Face à l’OPA de Mittal, Arcelor ne cesse de vanter, par la voix de Guy Dollé, son PDG, la politique sociale du groupe. Voilà une affirmation qui fait bondir les seize salariés du site de Fos qui poursuivent leur employeur devant les prud’hommes pour discrimination syndicale. Ce jeudi 1er juin, le conseil de Martigues doit statuer sur le premier cas, celui de Bernard Huriaux, ancien secrétaire de la section CFDT. « Le nez dans le guidon », comme il le dit, pendant son activité salariée et syndicale, il a commencé à faire ses comptes, au moment de son passage en préretraite. Entré comme technicien en 1972, il a gagné 95 points d’indice contre 130 en moyenne pour les salariés de son service et 170 points pour ceux qui sont diplômés comme lui, puisqu’il a obtenu, en 1992, un DESS « social et communication ».
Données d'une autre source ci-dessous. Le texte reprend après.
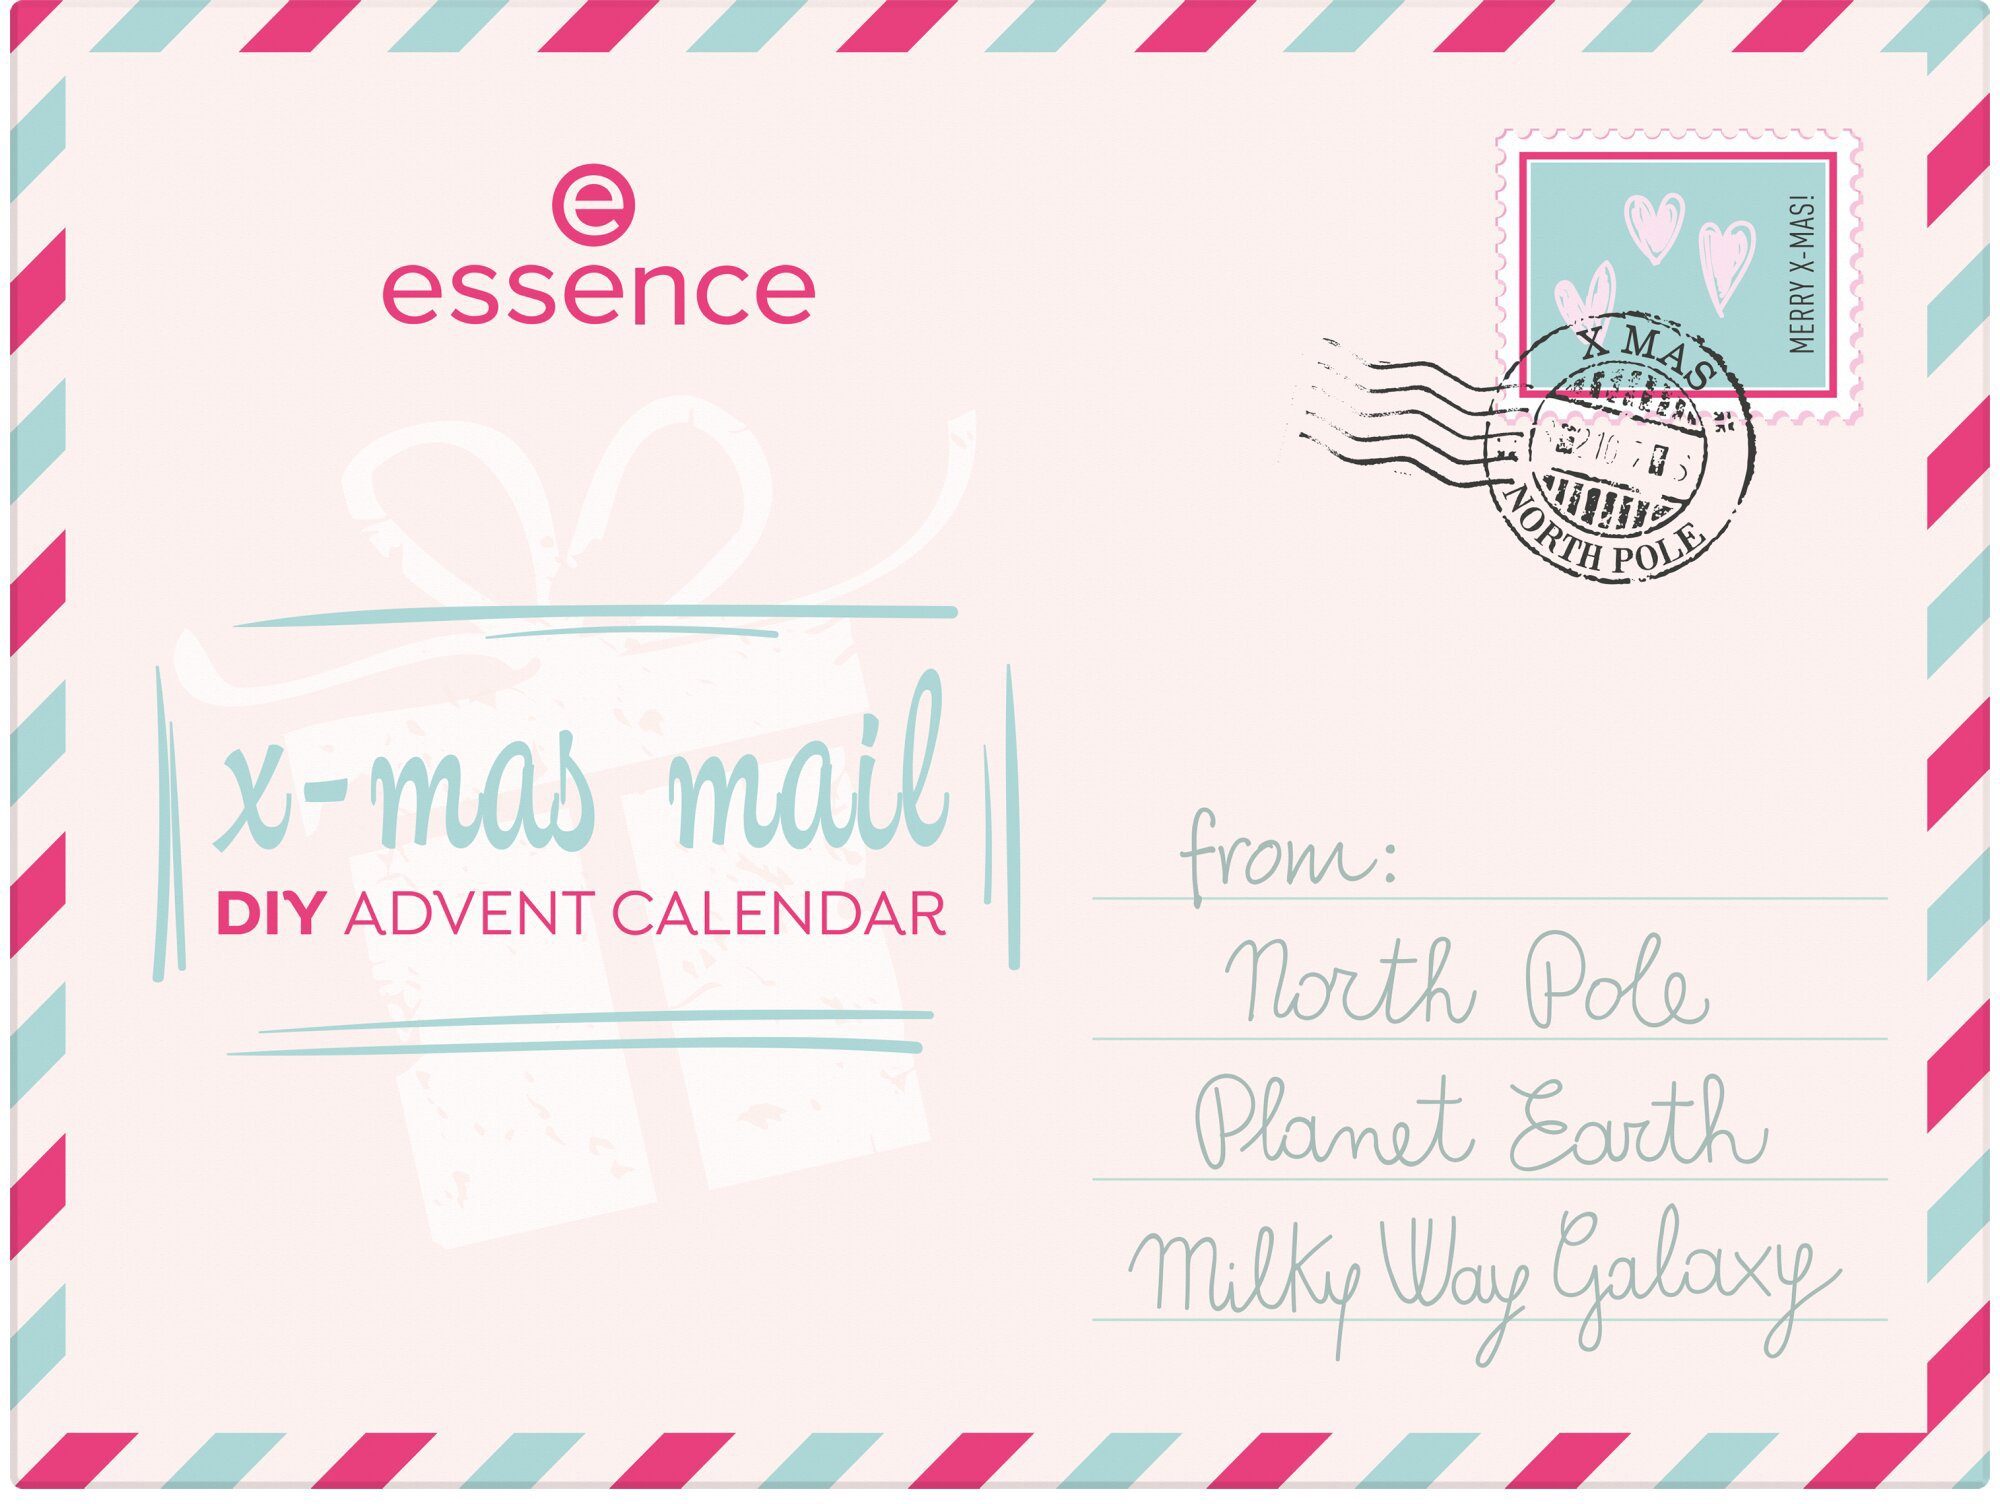 24-tlg) DIY ADVENT x-mas CALENDAR Essence (Set, mail Adventskalender

Responsable syndical depuis 1977, il a été à la pointe du célèbre conflit de 1979. Pour lui, l’explication ne doit pas être cherchée ailleurs. Pourtant, la Sollac (alors Solmer), au moment de son installation à Fos, en 1972, avait emmené dans ses bagages la CFDT, jugée plus conciliante face à une CGT très puissante dans le département des Bouches-du-Rhône . « Ça ne leur a pas réussi », ironise Bernard Huriaux. Quatre autres responsables de syndicats CFDT ont saisi les prud’hommes. Pourquoi maintenant ? « C’est au moment où les gens prennent leur retraite qu’ils se rendent compte qu’il y a eu discrimination », souligne Claude Combettes, autre plaignant CFDT. Pour le syndicat CFDT du site, les tableaux fournis par la direction amènent les preuves des blocages de carrières et de salaires. Le syndicat majoritaire pointe également la non-reconnaissance de certains diplômes inscrits au plan de formation et des compétences acquises dans l’exercice de fonctions syndicales. Toutes ces infractions ont été portées à la connaissance de la Haute autorité de lutte contre la discrimination et l’exclusion a été saisie (Halde). Côté CGT, aussi, on porte les mêmes accusations. Onze de ses militants ont lancé une procédure unitaire qui ne sera finalement étudiée qu’en septembre après une demande de report effectuée par la direction de l’entreprise.

Arcelor se retranche notamment derrière un accord conclu dans les années quatre-vingt qui prévoyait le suivi des situations des élus et mandatés syndicaux. « Nos remarques n’ont jamais été prises en compte. De toute façon, cet accord ne stipulait pas qu’il y avait de la part d’Arcelor reconnaissance du fait de discrimination syndicale », souligne Gilbert Roux, représentant syndical CGT. Embauché en 1974 comme conducteur de portiques, il occupe toujours la même fonction. « Arcelor a aussi signé un accord de responsabilité sociale avec le syndicat mondial de la métallurgie et le syndicat européen de la métallurgie, mais cela n’a rien changé », ajoute Bernard Huriaux.

Les deux syndicats attendent des décisions prud’homales une reconnaissance de ces discriminations et un accord de réparation, comme l’ont fait Peugeot, Renault ou la SNECMA.